Being a wedding guest is a lot more complicated than simply showing up. There are always delicate etiquette issues you need to be conscious of – spending enough on a gift, inviting an appropriate date, expressing proper gratitude and well wishes to the newly married couple. If you don’t go out of your way to be considerate, it could result in bad blood between you and the bride and groom. And if your friends or family members decide to get hitched up at a cottage, you can expect to deal with a whole host of new etiquette issues. Here is a list of tips that should keep you out of trouble.
Be aware of the limited resources
Even small weddings can put a strain on cottage water supplies and septic tanks so think twice before you spend half an hour in the bathroom throwing water on a rogue cowlick or trying to wash a stubborn stain off your dress. And if you see a sign that reads, “if it’s yellow, let it mellow,” always obey it! It may not be the fanciest set of instructions you’ve followed at a wedding, but they’re important ones.
Don’t whine about the weather (or the bugs)
Your hosts chose to celebrate their love in a rustic outdoor locale because it speaks to them. You’re there to witness their union and share in their joy. It’s not your day, so don’t start grumbling if it’s chilly or rainy or the mosquitoes are out in full force. You’ll only make your hosts feel guilty that you’re not having a good time or resent you for dampening the mood. Grab an umbrella, generously apply bug spray, and suck it up.
Dress to impress—even if it’s a casual wedding
Most cottage weddings are not full suit and tie affairs, but you still need to put some effort into your appearance. If the invite says “casual,” nice sundresses and pressed khakis should be fine, but don’t show up in flip-flops—if the couple is into them, they’ll likely be provided. Just because the couple is getting married at the cottage, don’t assume they’re not interested in maintaining an air of elegance.
Respect the neighbours
Not all cottage lots are expansive, which means neighbouring properties may be in full view and well within earshot. The bridge and groom should have discussed their wedding plans with the neighbours out of courtesy, but guests still need to be considerate. Don’t go wandering off to explore surrounding properties or hang out on neighbouring docks, even if it looks like the owners aren’t home. You should also help keep the noise level reasonable, since sound travels over water.
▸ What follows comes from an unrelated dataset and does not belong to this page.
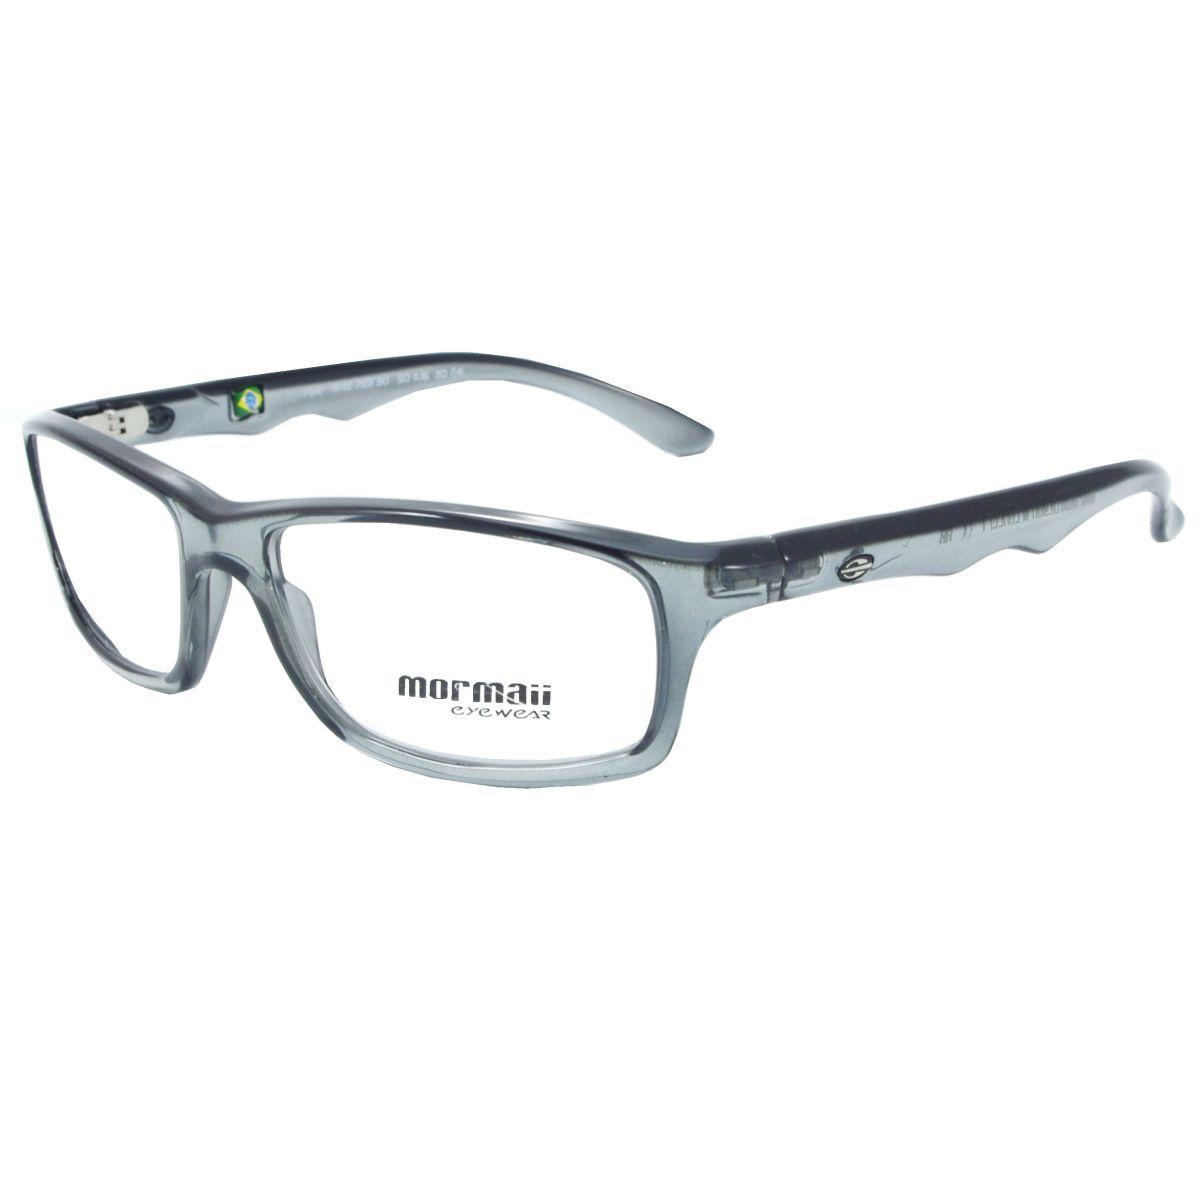 3a905cf1a5872 Óculos De Grau Mormaii Viper 1642 789 Tam.50MormaiiMormaii de ...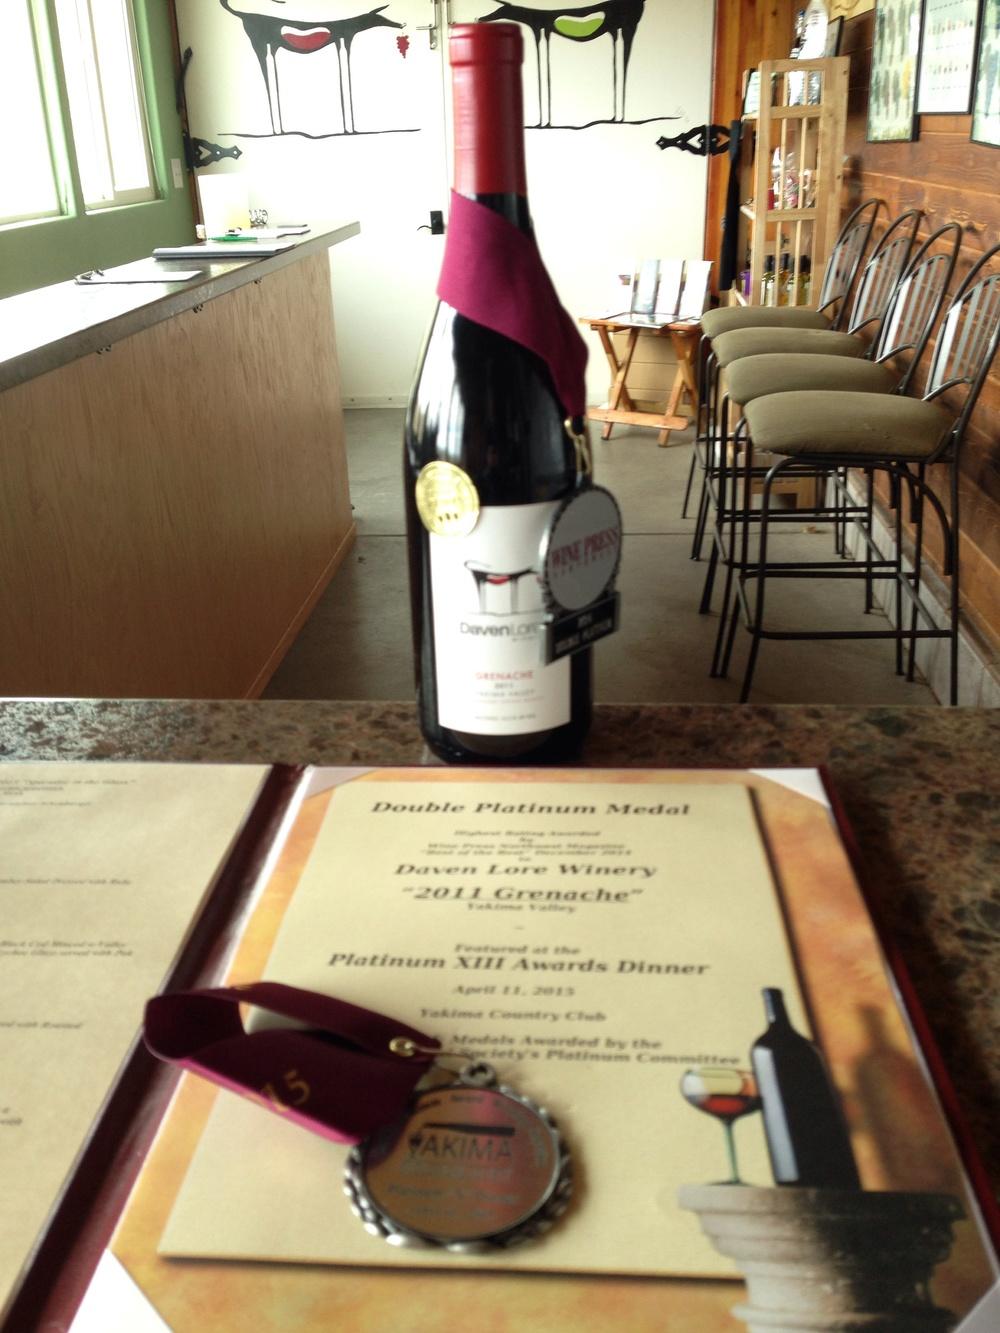 Grenache 2011 Yakima Valley Lonesome springs Ranch vineyard designate.

Don’t mess with the natural surroundings
Nature provides a gorgeous backdrop for cottage weddings, but with so many people tramping around it can also get damaged during a party. Along with soaking up the beautiful atomosphere, you should respect it as well. Stay on marked paths and lawns wherever possible. You don’t want your lasting impression to be a trampled garden or broken branches.
Bring a gift that’s easy to take back to the city
Cash is always appreciated at weddings (and it’s incredibly easy to transport), but if you want to stick with a traditional present, keep in mind that couples will have to drive back to the city with all their gifts in tow. Making two trips would be a huge hassle with an out-of-the-way location. Pick up a gift that’s small in size and easy to move. A toaster? Yes. A portable air conditioner? Not so much.